The improvement was “borrowed” from microwave cloaks

May 10, 2012 13:54 GMT  ·  By

Invisibility cloaks moved out of the realm of science fiction, and into reality, several years ago, but scientists are still having problems covering some regions of the electromagnetic spectrum. Now, a team of experts says that optical cloaks could be based on nanoscale silicon spheres.

The same materials have been recently used to create invisibility cloaks that work in the microwave portion of the electromagnetic spectrum, and physicists are keen on learning whether the nanospheres can be used for optical wavelengths as well.

These building blocks are very easy to use and produce. Experts from the Australian National University, in Canberra, hope to be able to use them for optical cloaks. If this is possible, then these devices could be created at relatively low costs, and employed for several practical applications.

A working invisibility cloak is unlikely to hit store shelves any time soon. Researchers have indeed made considerable progress when it comes to understanding the theoretical foundations of what they need to accomplish, but they are still far from covering all bases.

Theoretical progress has however led to the creation of increasingly complex and potent cloaking devices, especially for radio and microwave wavelengths. Now, scientists want to further up the electromagnetic spectrum, to infrared, optical and ultraviolet light.

Microwave cloaks work because they are made up of split ring resonators, devices shaped like the letter “C” that have electric and magnetic fields which interact with incoming electromagnetic waves in such a way that the object they conceal is cloaked from view.

The reason these resonators are easy to make is that microwaves have centimeter-scale wavelengths.
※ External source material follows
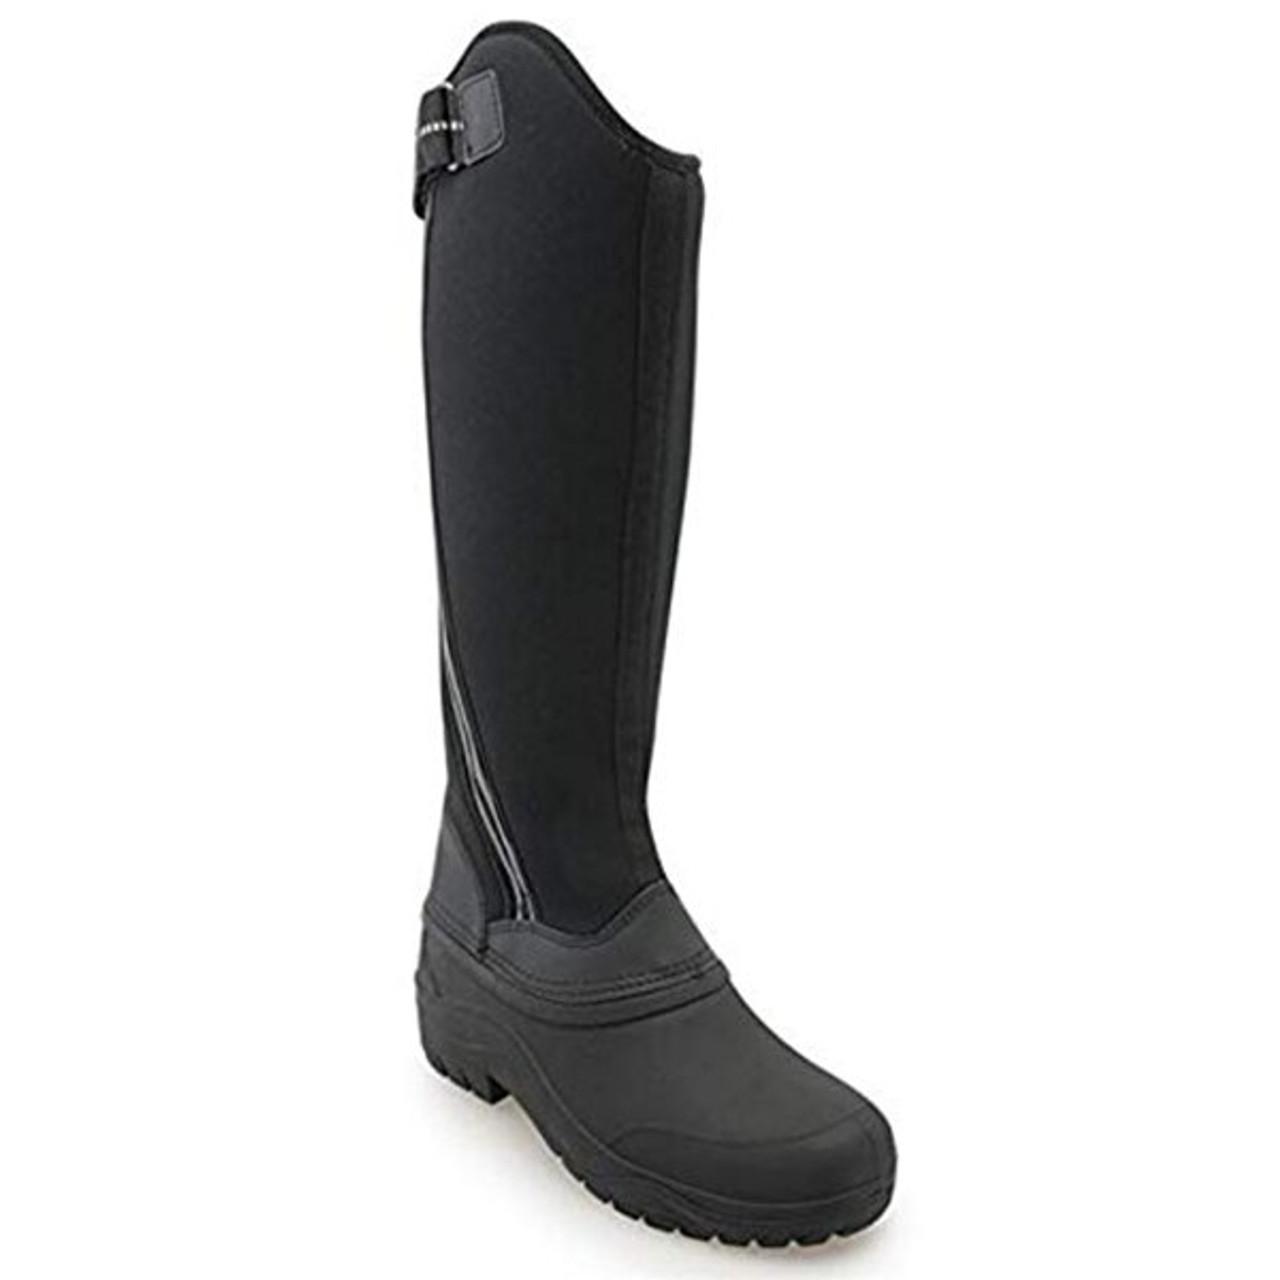 c95cc379a8b Harry Hall Winter Frost Ladies Boots - Black
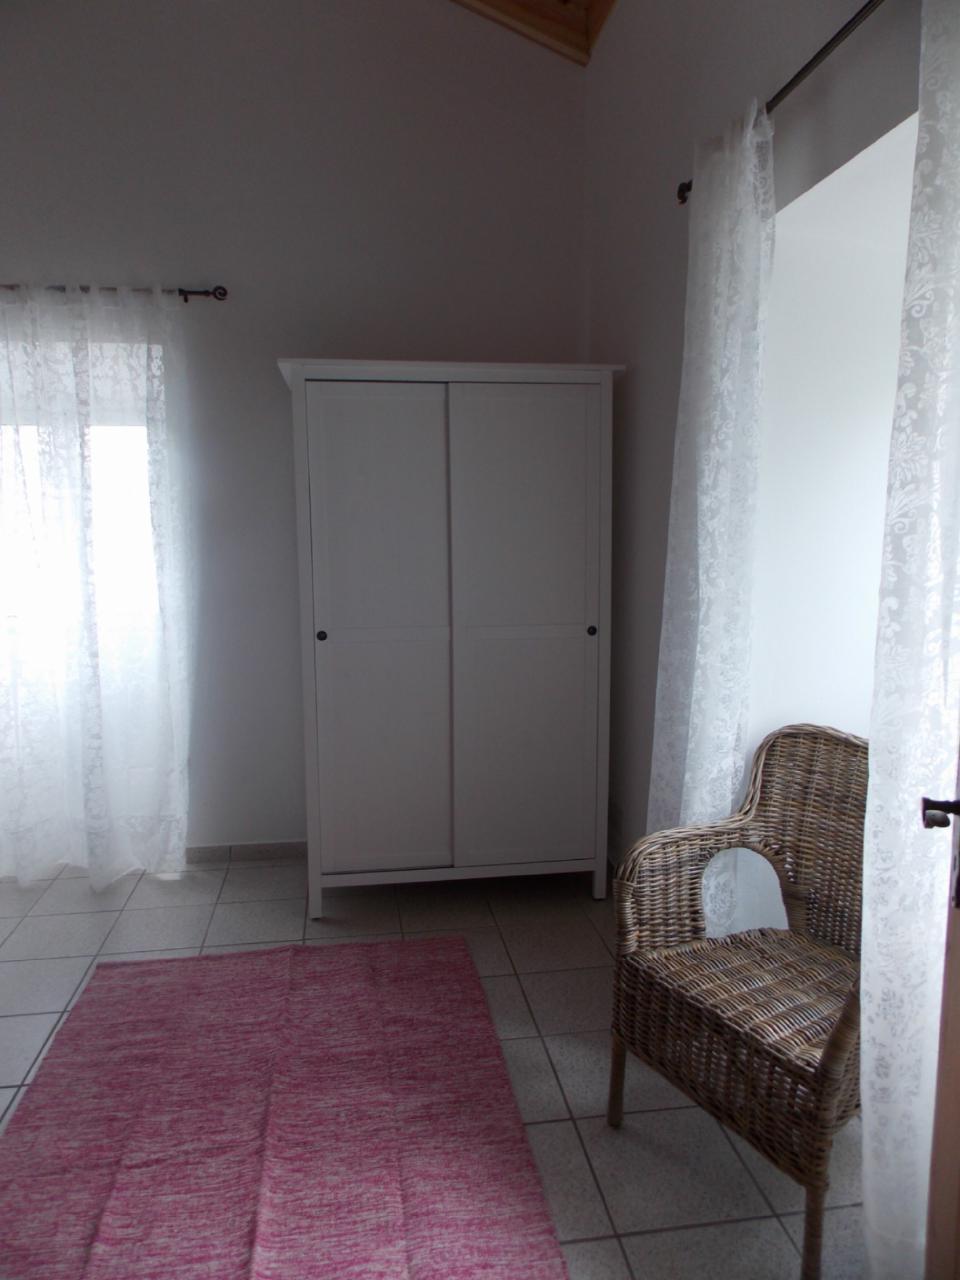 Ferienhaus Casa Bouganvillea (2074452), Ginetes, Sao Miguel, Azoren, Portugal, Bild 13

Since the C-shaped devices need to be smaller than the wavelength of the type of light they are trying to redirect, they are relatively easy to produce.

However, the wavelength of optical light has only a few hundred nanometers, which means that the resonators need to be smaller than that. At this scale, most metals tend to absorb visible light, rather than transmit it, which results in significant losses.

The Australian team says that replacing the resonators with silicon nanospheres some 100 to 200 nanometers in diameter could provide the necessary cloaking capabilities for optical wavelengths, Technology Review reports.

“These optical systems open up new perspectives for fabrication of low-loss optical metamaterials and nanophotonic devices,” the researchers write in a paper published in the online journal arXiv.